2.2. Assessment of cell proliferation
AlamarBlue® assay (Invitrogen, Carlsbad, CA, USA) was performed to evaluate anti‐proliferative activity of the drugs in cell lines and primary cells. Cells were plated in 96‐well plates (5 × 105 cells/well in 200 μL of medium). After 12 h, drug (PU‐H71, bortezomib or combination) was added to each well at a particular concentration and incubated for 72 h. At the end of the incubation period, 20 μL of stock solution (0.312 mg/mL) of the Alamar Blue was added to each well. Absorbance was measured using the Synergy H1 hybrid multi‐mode microplate reader (BioTek, USA). The drug effect was quantified as the percentage of control absorbance at 540 nm and 585 nm. Optical density was determined for 3 replicates per treatment condition and cell proliferation in drug‐treated cells was normalized to their respective controls. All experiments were performed in triplicate.
2.3. Flow cytometry
Apoptosis and cell viability were determined using Annexin V‐APC (BD Pharmingen, San Diego, CA) staining and 7‐AAD (BD Pharmingen, San Diego, CA) staining according to the instructions by the manufacturer and as previously published (Schmid et al., 1992; van Engeland et al., 1996). Cell cycle fractions were determined by propidium iodide nuclear staining. Briefly, cells were harvested, washed in PBS, fixed with 70% ethanol, and incubated with propidium iodide/RNase buffer (BD Biosciences, San Diego, CA) for 15 min at room temperature. Data were collected on BD LSR Fortessa fluorescence‐activated cell analyzer using BD FACS Diva software and analyzed using FlowJo version 9.6 software (Tree Star, Inc. Ashland, OR). Cell cycle analysis was done by applying the Dean/Jett/Fox cell cycle model using FlowJo software.
2.4. Clonogenic assay
Clonogenicity of Ewing sarcoma cell lines was tested according to the protocol described by Franken et al. (2006). Plating efficiency (number of colonies/number of cells seeded ×100) for A673, SK‐PN‐DW, CHP100 and TC71 cell lines was established initially by plating 250–2000 cells per well in 12 well plates. Cells were treated with different concentrations of PU‐H71 ranging from 0.125–2 μM for 48 h. Viability was checked with trypan blue and 500 viable cells were plated in each well in triplicate. The plates were kept in the incubator for 5–7 days to allow time for at least 6 cell divisions. Colonies were fixed and stained with a mixture of 6% glutaraldehyde and 0.5% crystal violet for 1 h. The assay was repeated three times. Colonies that have at least 50 cells were counted under the microscope for each treatment condition.

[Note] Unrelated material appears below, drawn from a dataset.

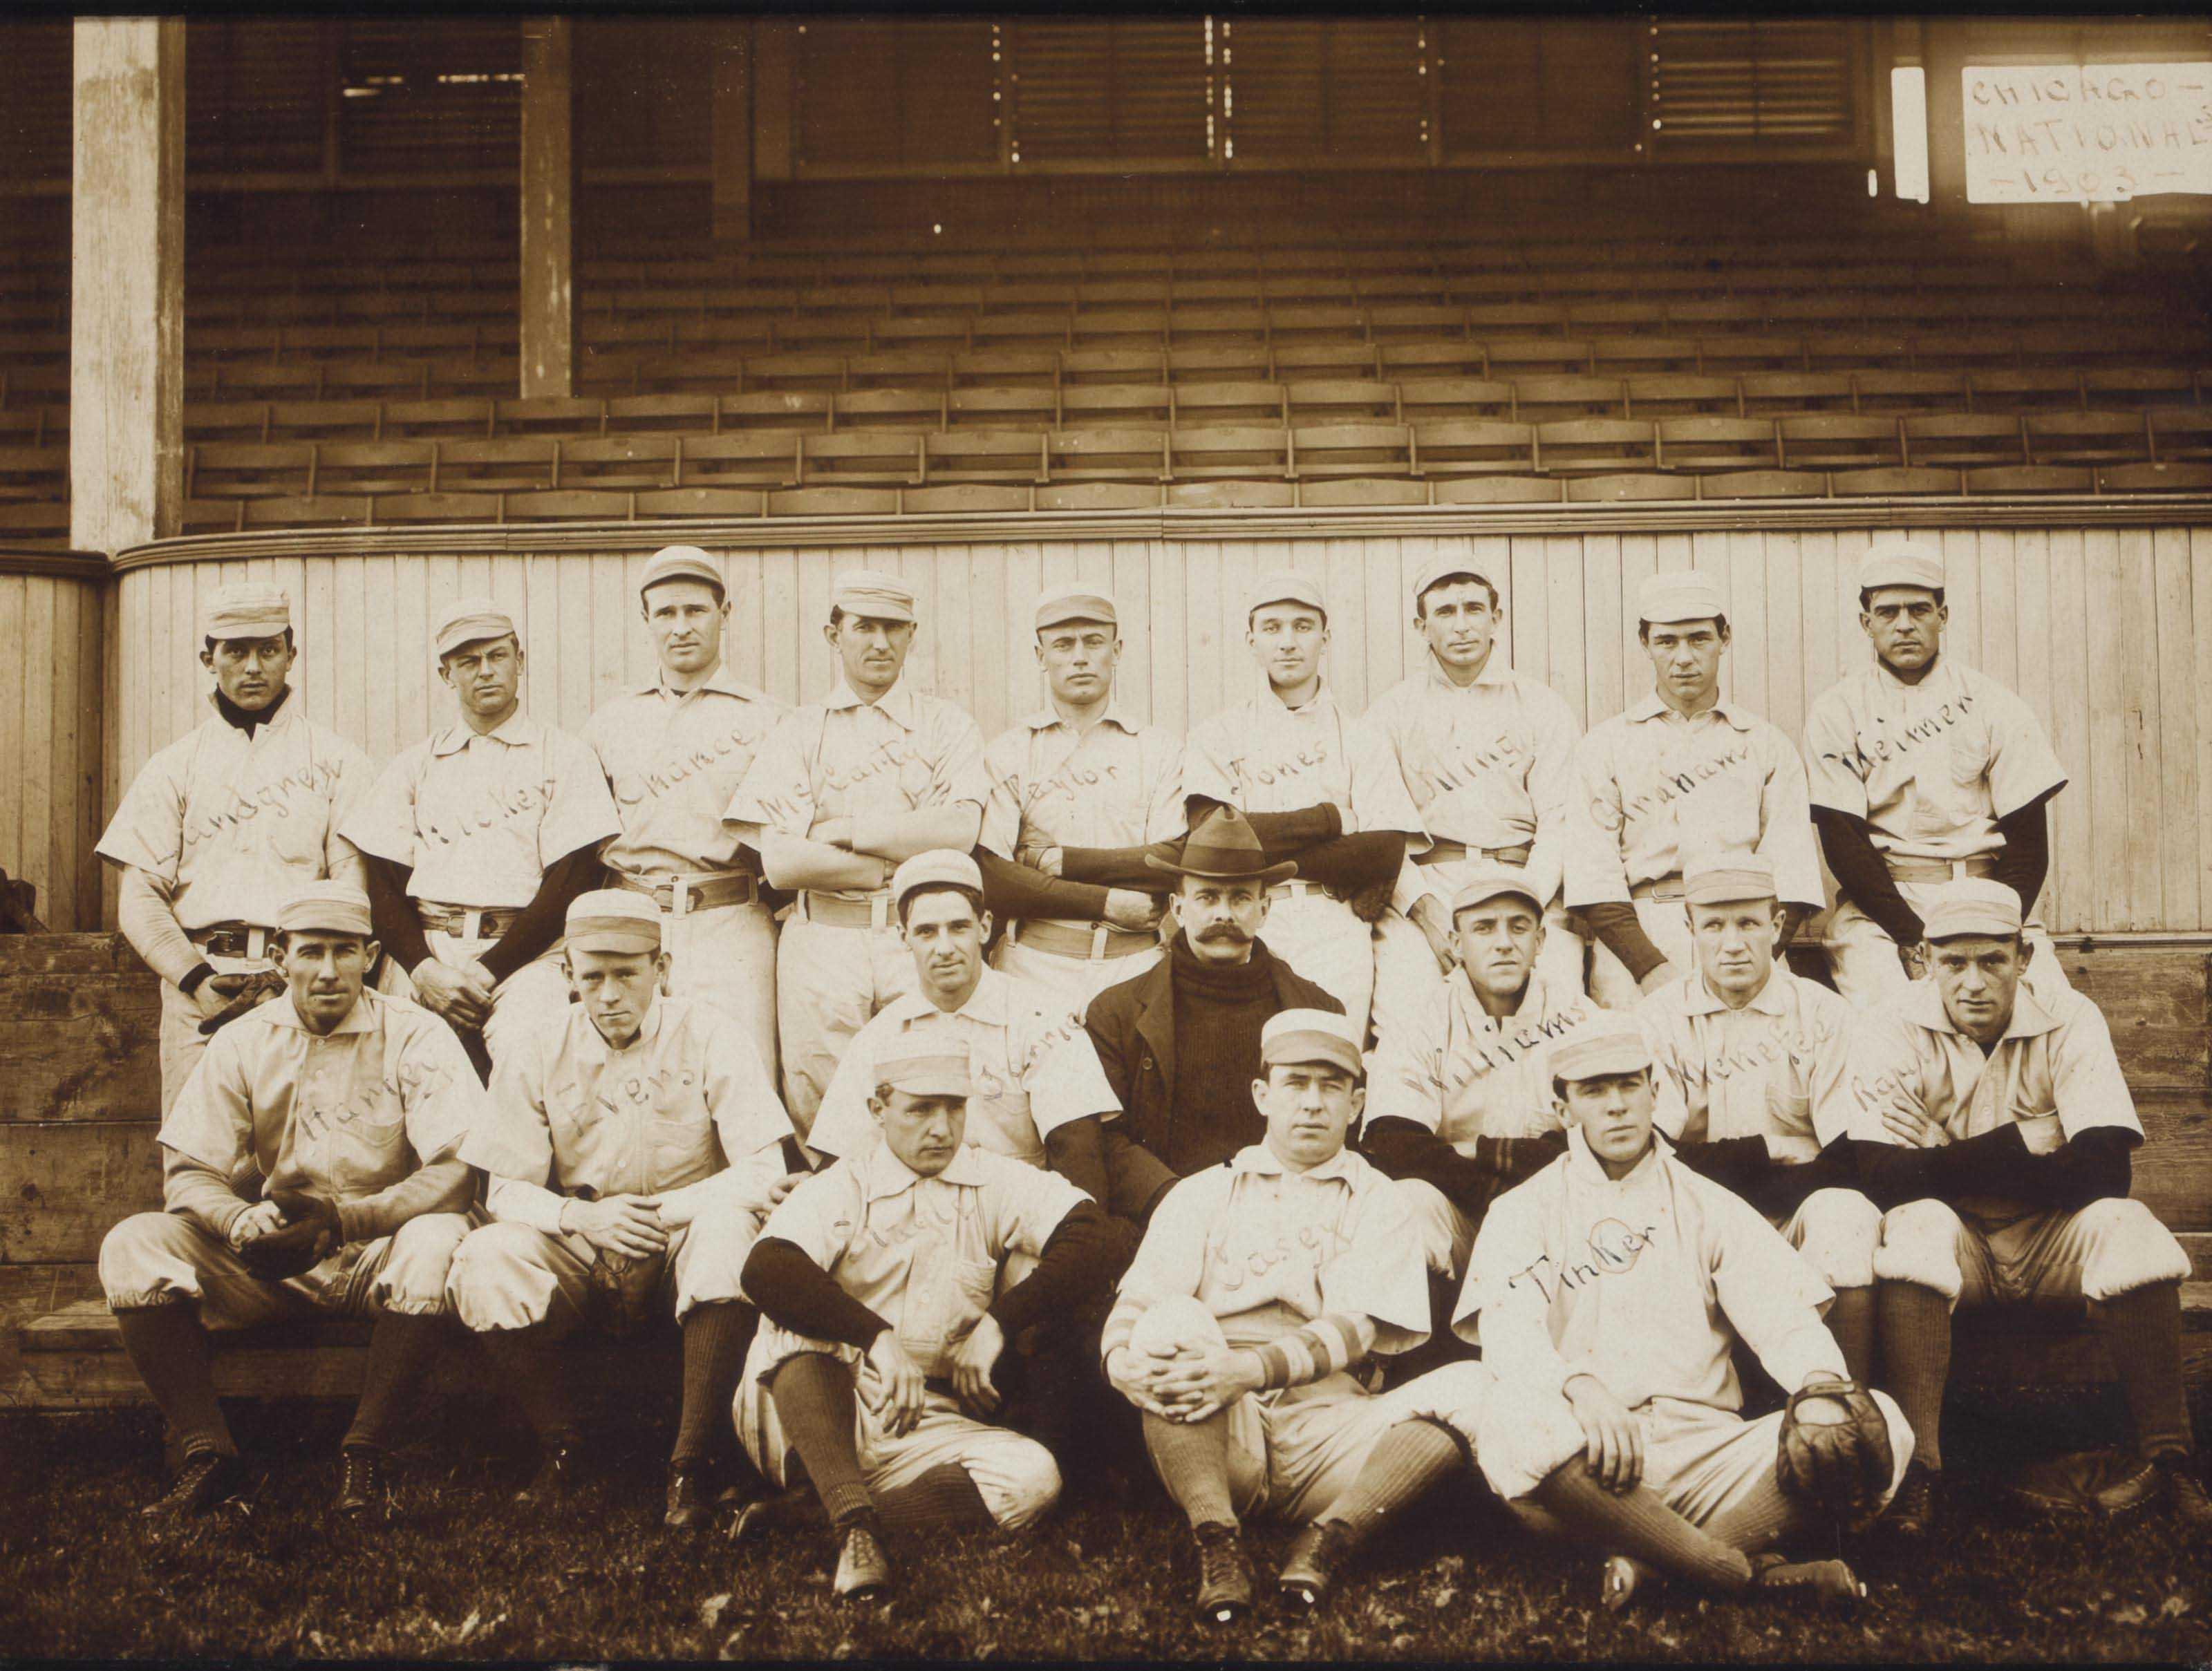 1903 CHICAGO CUBS TEAM PHOTOGR

2.5. Chemical precipitation
To investigate the interaction of small‐molecule Hsp90 inhibitors with tumor HSP90 complexes, we used agarose beads (80ul) that were covalently attached to PU‐H71 or an HSP90‐inactive chemical (ethanolamine) as previously described (Moulick et al., 2011). Bead conjugates were incubated overnight at 4 °C with cellular lysates dissolved in 20 mM Tris–HCl, pH 7.4, 25 mM NaCl, 20 mM Na2MoO4, 0.1% Nonidet P‐40, 10 μg/mL aprotinin, and 10 μg/mL leupeptin, then washed five times with the above lysis buffer. For Western blot analyses, proteins were eluted with SDS‐containing buffer, separated by gel electrophoresis and analyzed by immunoblotting.
2.6. Immunoblot analyses
Protein concentrations were determined using the BCA kit (Pierce Biotechnology, Rockford, IL) according to the manufacturer's instructions. Protein lysates (20–100 μg) were electrophoretically resolved by SDS/PAGE, transferred to nitrocellulose membrane, and probed with the indicated primary antibodies: Anti‐HSP90 from mouse (1:500, SPA‐830; Stressgen), anti‐HSP70 from mouse (1:500, SPA‐810; Stressgen Biotechnologies, Victoria, Canada), anti‐AKT from rabbit (1:500, 9272; Cell Signaling, Danvers, MA), anti‐phospho‐AKT (Ser473) from rabbit (1:500, 9271S; Cell Signaling), anti‐RAF‐1 from rabbit (1:300, sc‐133; Santa Cruz Biotechnology, Dallas, TX), anti‐PARP (p85 fragment) from rabbit (1:250, G7341; Promega), anti‐BcL‐xL from rabbit (1:1,000, 2762; Cell Signaling), anti‐IGF1R from rabbit (1:500, Cell Signaling), anti‐CD117 from rabbit (1:500, Cell Signaling), anti‐EWS‐FLI1 from rabbit (1:500, Santa Cruz Biotechnology), anti‐MAPK42/44 from rabbit (1:500, Cell Signaling), anti‐caspase 3 from rabbit (1:500, 9662; Cell Signaling), anti‐caspase 7 from rabbit (1:500, 9492; Cell Signaling), anti‐cleaved caspase 3 from rabbit (1:500, 9661; Cell Signaling), anti‐cleaved caspase 7 from rabbit (1:500, 9491; Cell Signaling), anti‐ubiquitin antibody from mouse (1:500, sc‐8017, Santa Cruz Biotechnology), anti‐Src from mouse (1:500, clone GD11, 05‐184, Millipore) and anti‐Gsk 3β [pY216] from rabbit (1:500, 2932, Invitrogen). Membranes were then incubated with a 1:5000 dilution of a peroxidase conjugated corresponding secondary antibody. Equal loading of the protein samples was confirmed by parallel western blots for β‐actin (1:5000, ab822750; Abcam). Detection was performed using the ECL‐Enhanced Chemiluminescence Detection System (GE Healthcare Biosciences, Pittsburgh, PA) according to the manufacturer's instructions. Blots were visualized by autoradiography.
2.7. Densitometry
Quantitative densitometric analysis of western blot bands in was done using Image J 1.47v software (NIH, USA). The adjusted relative densities were calculated relative to the expression of β‐actin.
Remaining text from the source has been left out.